資金の出し手は、当該事業に対する投資がリターンを得るに足るかどうかを判断し、見合えば資金を出すし見合わなければ原則資金は出しません。
信頼資本財団は、したがって単に信頼を担保として資金を拠出し事業機会を創出する、ということだけを目的として活動するだけではなく、当該事業について、他の投資家が安心してリターンを求められる事業となるようサポートする必要があります。
私は、信頼資本財団が上記の活動を円滑に行えているかどうかを常にチェックし、合目的に活動できるよう機能を果たしていきます。

事務局長

鴨崎貴泰(かもざき よしひろ) 事務局長

1978年生まれ。千葉大学園芸学部緑地環境学科卒業。グロービス経営大学院卒業(MBA)。
環境コンサルティング会社を経て、2009年信頼資本一般財団法人(現:公益財団法人信頼資本財団)に入職し、現在に至る。

信頼資本一般財団設立にあたってのメッセージ

「信頼」とは良好な関係性が継続した先に生まれるものです。

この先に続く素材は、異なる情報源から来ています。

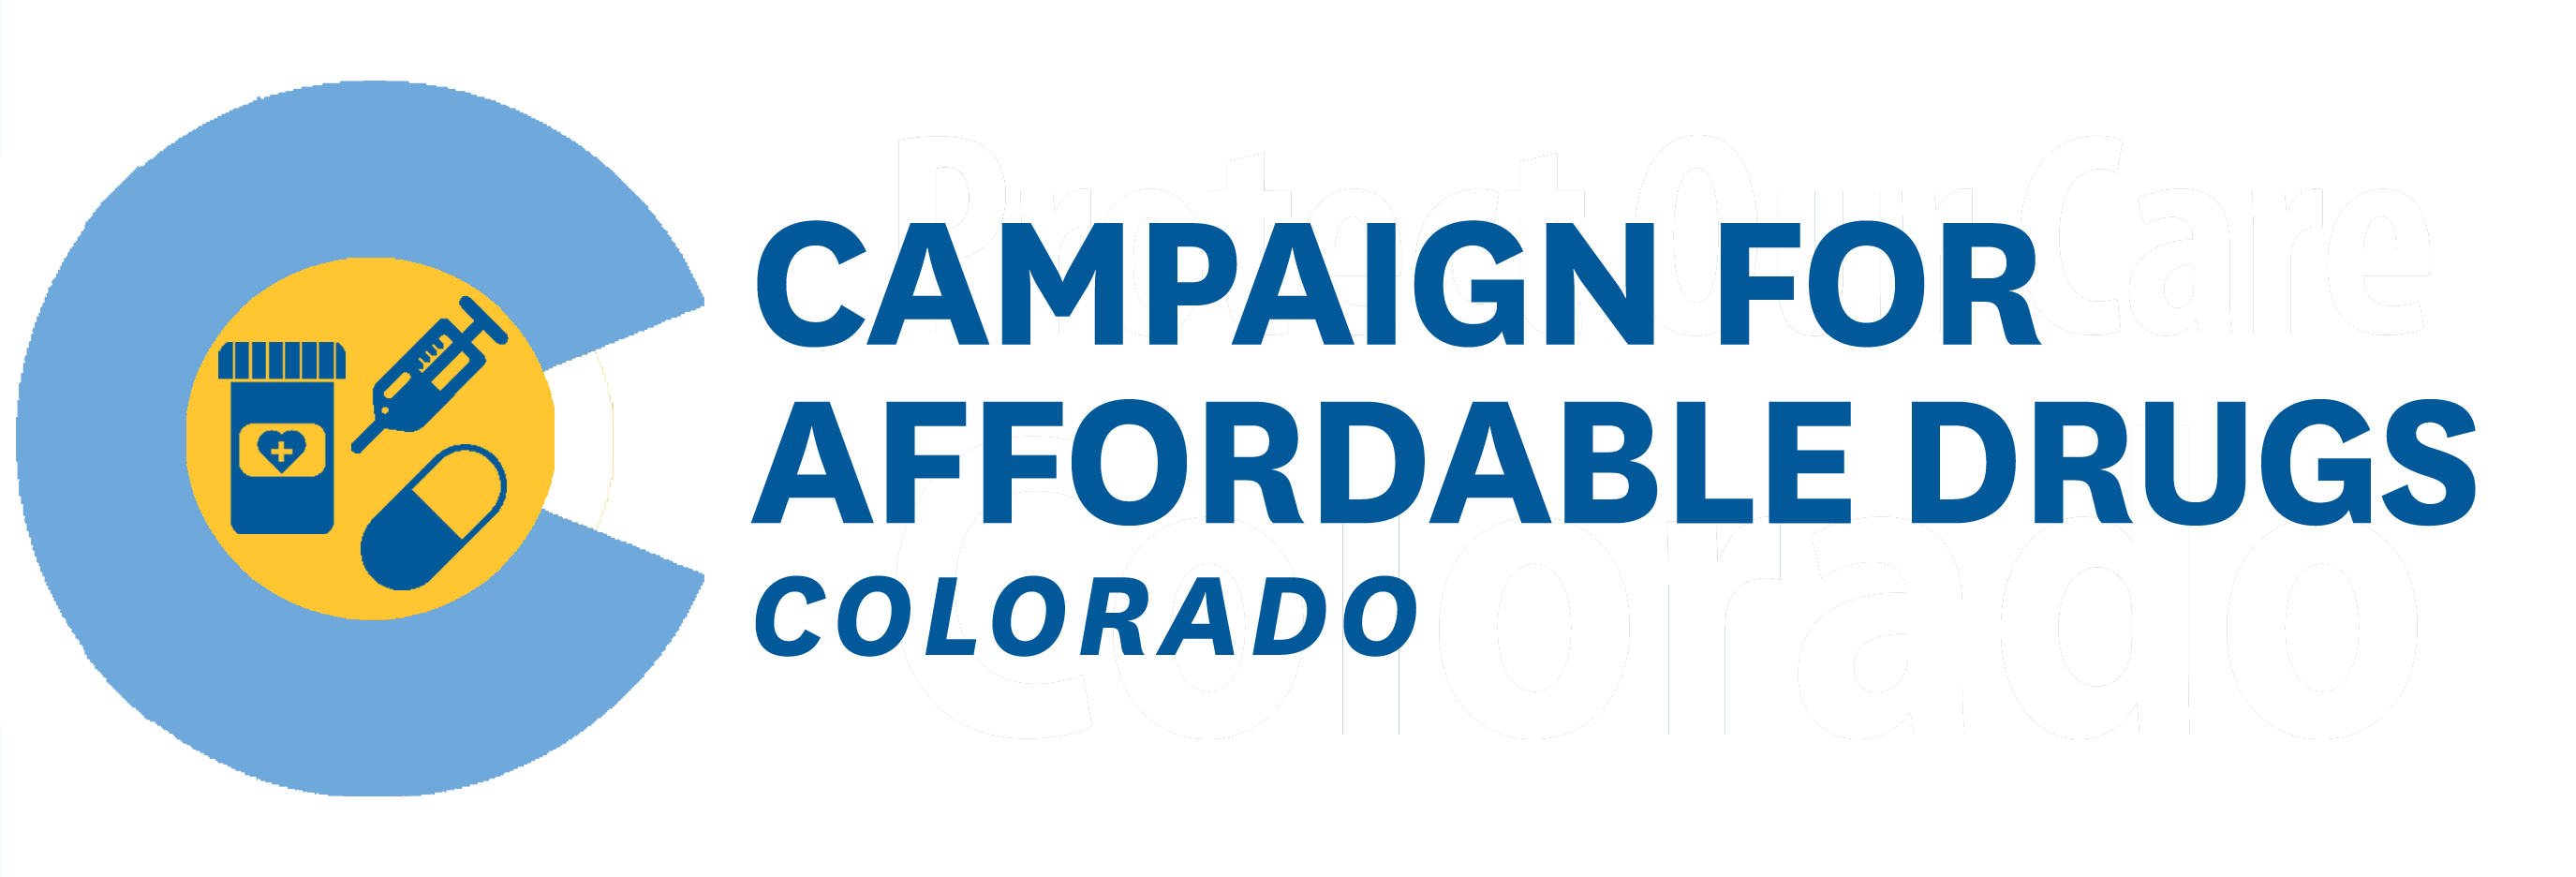 Campaign for Affordable Drugs Colorado
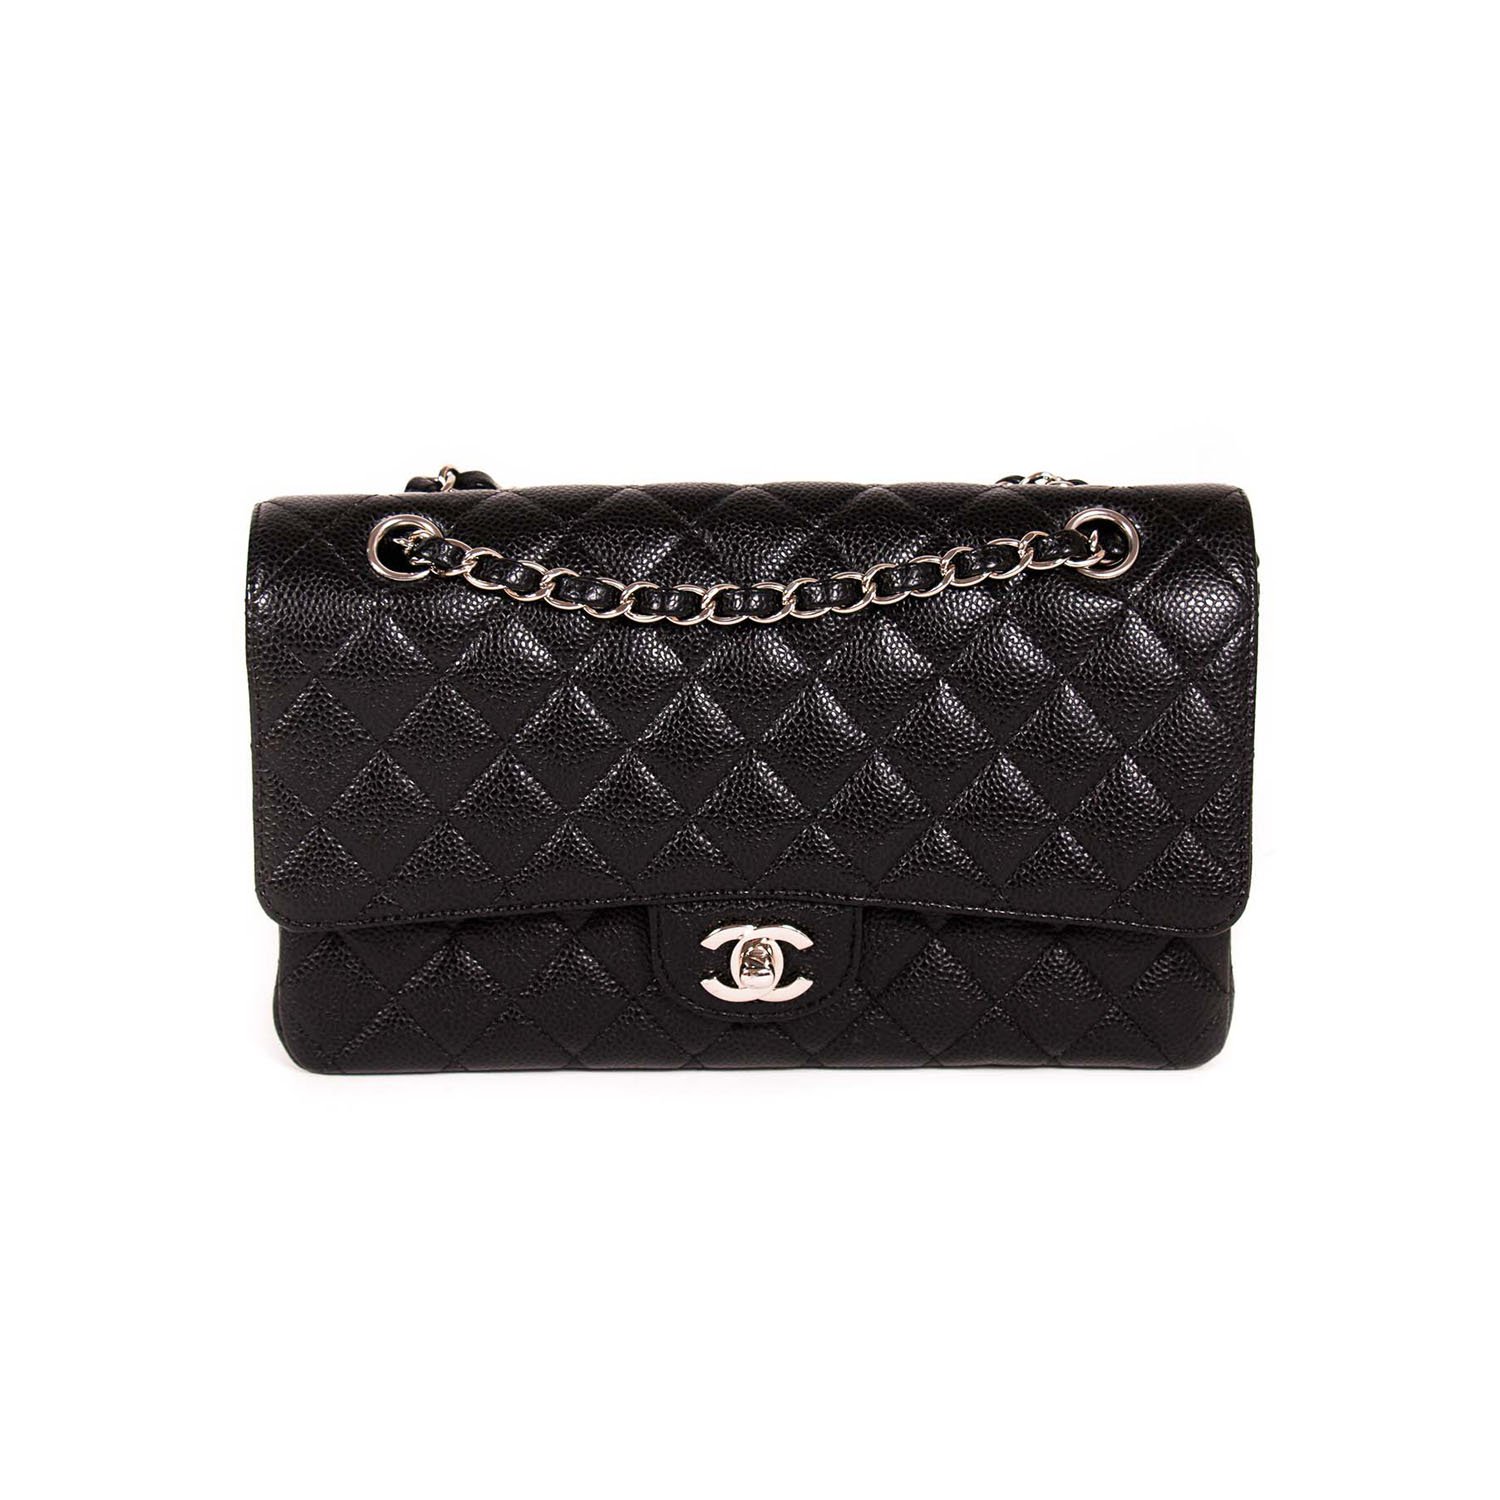 Chanel Black Quilted Caviar Leather Medium Double Flap Bag

そこには「この関係を壊したくない」「つながっていたい」という関係性継続欲求が働いています。
財団の仕事に携りたくさんの人に出会う中で、知恵・知見・人と人とのつながりという「無形資産」の恩恵を最も享受しているのは実は自分なのではないか、と思う瞬間が多々あります。
したがって、信頼資本財団との関係性の継続欲求が一番大きいのも私自身なのかもしれません。そしてそこには確かに「信頼」が生まれ始めています。
財団の事業を通して一人でも多くの方がお互いに良好な関係性を築き、そこから新たな信頼関係が生まれるようなお手伝いが出来ればと思っております。